I’m good at worrying. Did you know this about me? I don’t feel like a complete person unless I’m worried about something. If they had an Olympics for worriers, I could melt down all the gold medals I’d win and make myself a gilded helmet to protect my crazy, anxious brain.
When we quit our jobs and terminated our comfortable, reliable income (no, that didn’t make me worry AT ALL), one of the first items we had to contend with was health insurance. We could have stayed on COBRA, but it would have cost more than our rent. Health insurance is important, but the thought of it costing more than our food and shelter made me want to rain hellfire down on the village where all the healthcare CEOs live.
So we applied for an independent health insurance plan and crossed our fingers and prayed to the unicorns that we’d be accepted. It seems like it wouldn’t be an issue for us. We were both under 40, and both healthy. Dave hasn’t been to the doctor in years.
But for me, I had been to the doctor. First of all, I’m a woman, so I have “lady business.” Then, when we did regular checkups and stuff, they took blood and I had high cholesterol for my age. Also, I somehow injured my shoulder and it hurt for months, so I went to the doctor for that. And way back in 2007, I went to a chiropractor and had physical therapy for a lower back injury.
None of that was “unhealthy.” I got my cholesterol DOWN SIXTY MOTHERFUCKING POINTS and my doctor was stunned. She said I was one of three or four people she had ever seen lower their cholesterol with just diet changes. She gave me a hug and said I was super cool. This is all absolutely true.
But when we applied for health insurance, they didn’t care that my doctor said I was super cool. They just wanted the number. And they wanted info on every doctor visit for the past five years. Every diagnosis. Every prescription. They wanted the diagnostic code from the chiropractor from way back in 2007. I don’t know about you, but 2007 is a lifetime ago. I don’t even remember my own name from back then.
I had some running around to do to get all this information. All the while, I was hair trigger anxious that the health insurance company would turn me down. And then I’d have this “black mark” on my record of having been refused for insurance. And if I ever applied somewhere else, the refusal would be on my record, and that might be enough for me to never, ever have independent health insurance.
Remember I said I’m anxious? I specifically DON’T go to the doctor for it because I don’t want to make it harder to get insurance. I write this blog instead. You’re welcome.
If I were refused for independent coverage, I could go into a high-risk pool. Or I might have been able to get on a state plan, but part of the qualification was to not have coverage for half a year, which I could do. But that sounded like a risky, dumb thing for a responsible adult to do. Or we could have done COBRA, but as I said, it was astronomically expensive. Health reform is opening up some options, but not many, and not soon enough.

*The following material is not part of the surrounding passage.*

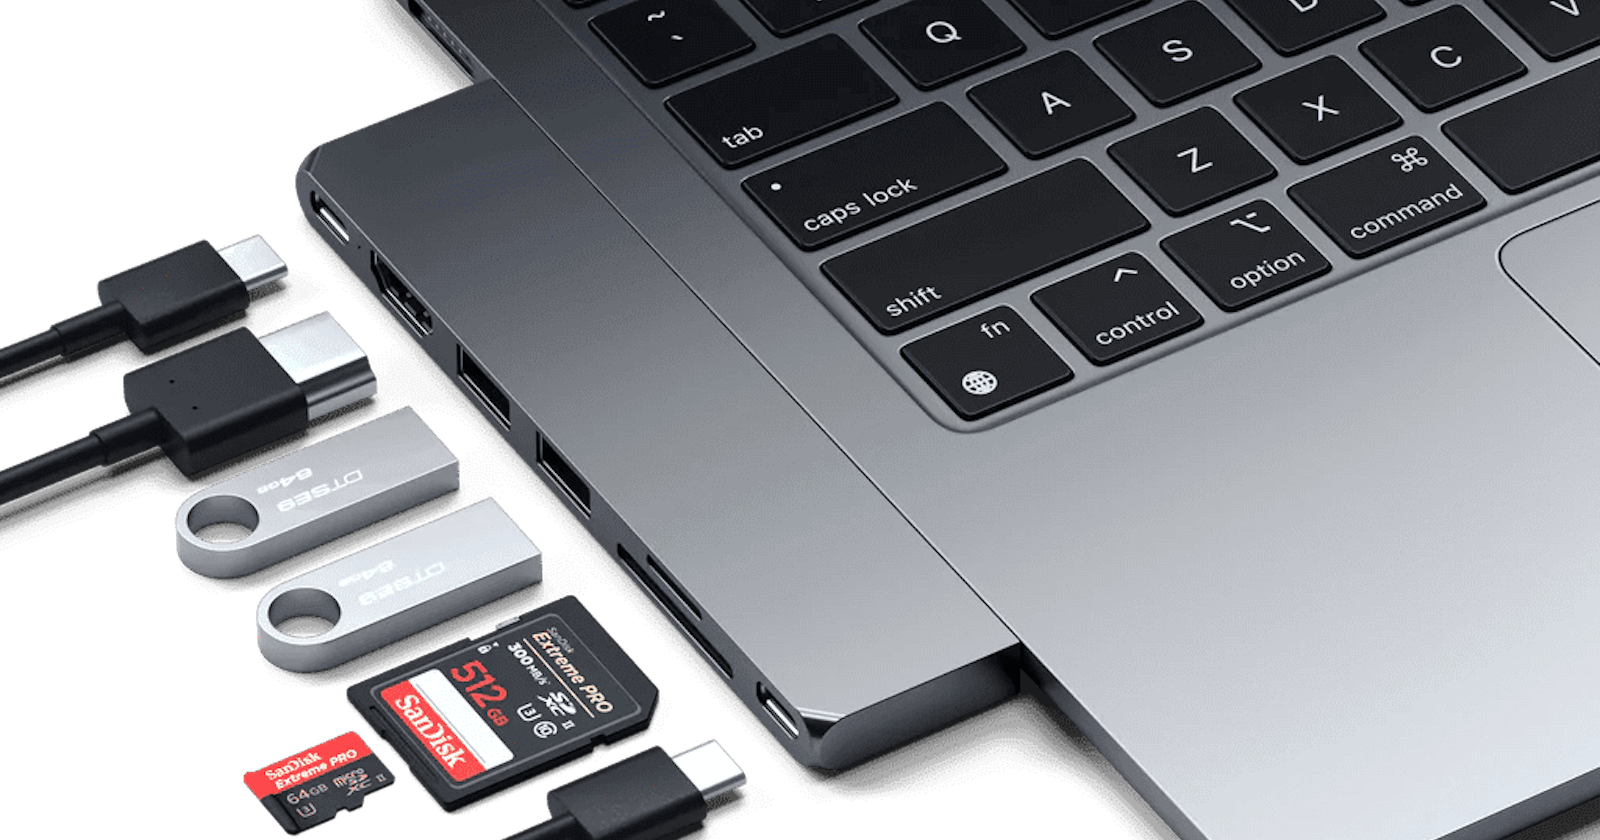 Satechi Introduces Pro Hub Slim Usb-C Hub for Apple’s Latest MacBooks

Our goal was to quit our jobs and build our own company. But if I couldn’t get independent health insurance, it would have meant that I’d always need a job with benefits. Or Dave would always need a job with benefits. We would always need an employer. Neither Dave or I are corporate ladder climbers. Without health insurance, our career decisions would not have been based on what we wanted to do with our lives, but needing to be worker bees for the sake of benefits.
Is it me, or is that fucked up?
The good news, is that despite my worrying, we did get an independent plan. Otherwise, we wouldn’t be living in Astoria, and we wouldn’t be building our fledgling company. If we had been turned down, I would have kept trying, I would have explored every option. As a corporation with two employees (Dave and me), we could have tried to get group coverage. I would NOT have sucked it up. I would NOT have stopped whining. I would NOT go back to seeking employment. I would NOT just put my head down to do what I was told to do. I would bend over backwards to make my own work. The work I want to do.
But should it be this hard? How many other people would break away from their jobs to build their own companies if they didn’t have to worry about being bankrupted by health care? “That’s just the way it is” isn’t a good enough answer.